Last summer, after then-President Donald Trump’s mispronunciation of Yosemite National Park as “Yo Semites,” Kristen Kreider, the museum’s retail director, saw an opportunity to move some of the “Yo Semite” T-shirts the gift shop had been selling since 2011, and to order even more from a local printing company. About 6,000 were sold within the first few days, and they’re still selling. “I haven’t checked recently, but we’re over 11,000,” Kreider said Friday.
» READ MORE: Could gift-shop sales be Philly museums' last best hope for a revenue bump this year?
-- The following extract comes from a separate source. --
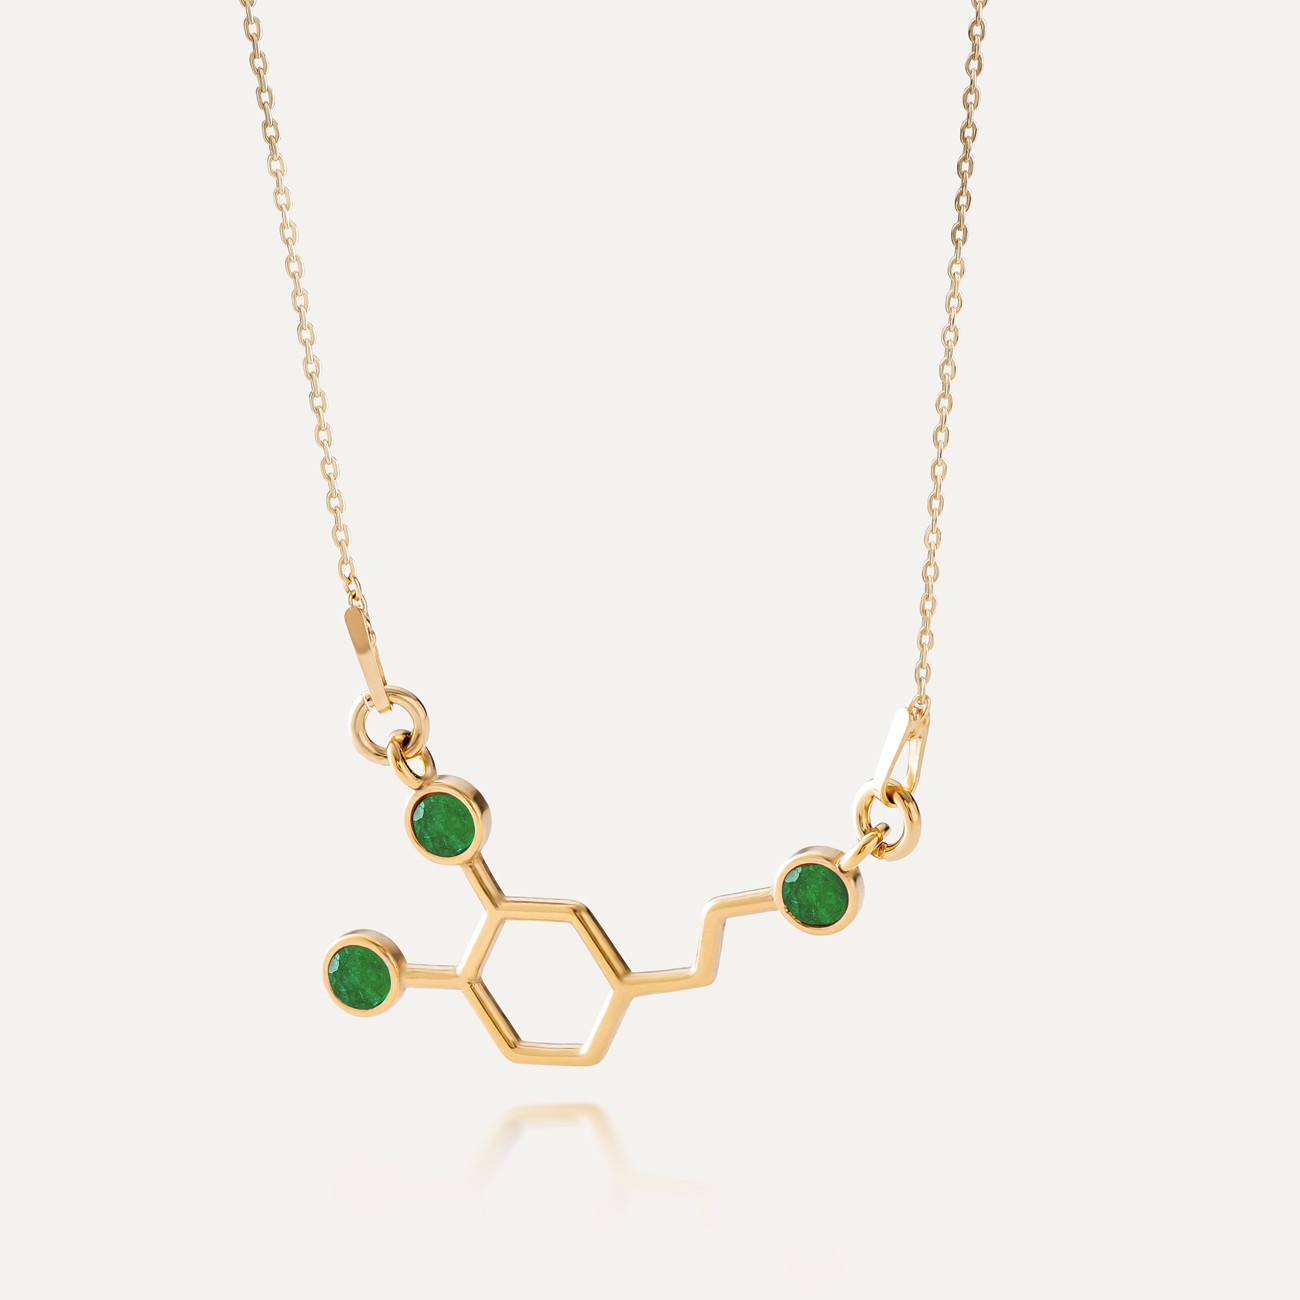 Dopamine necklace colorful stones

The museum’s online gift shop also carries a “Mamala Harris” T-shirt, a reference to the Yiddish-adjacent nickname Vice President Kamala Harris was reportedly given by her stepchildren with husband Doug Emhoff, who is Jewish. It went on sale the day after the election, and is selling well, Kreider said.
As for Sanders, “If he weren’t Jewish, we wouldn’t be featuring this,” she said. “We have a vendor already who sells Jewish T-shirts. He was smart enough to email us yesterday morning with images. ... He already got his first batch of orders emailed from us this morning and he’s working on those. He is also sending us an order for the store, because a lot of local people want to do pickup. It’s better for the environment, and it’s nice to have a little safe contact with people.” Store pickup is an option at checkout online, or you can call the shop at 215-923-0262 to arrange that.
Had she thought about carrying mittens?
“Yes! Our CEO wanted to get right on that,” Kreider said, but the kind of mittens Sanders was wearing — and has reportedly been wearing for years — aren’t easy to come by. As their maker, a second-grade teacher named Jen Ellis, of Essex Junction, Vt., told Slate this week, “They’re not knitted, they’re sewn from repurposed and upcycled sweaters,” and she’s no longer making them for sale.
The museum’s gift shop business has been a saving grace this past year.
“We had our best year in 2019, and we blew that away the last six months of 2020″ because of things like the sales of the “Yo Semite” shirts, Kreider said. “Right when that was starting to get manageable ... we lost our beloved RBG [Ruth Bader Ginsburg]” and demand for items related to the late Supreme Court justice skyrocketed. The online store’s “RBG Collection,” which has been part of the store for the past four years, includes necklaces modeled after Ginsburg’s trademark lace collars, jigsaw puzzles, holiday cards, and, of course, a face mask.
“Even Passover last year was really great. We had a captive audience,” Kreider said, of people who wouldn’t be going to relatives’ houses for Seder and would instead need their own Seder plates and Haggadahs for the Seder.”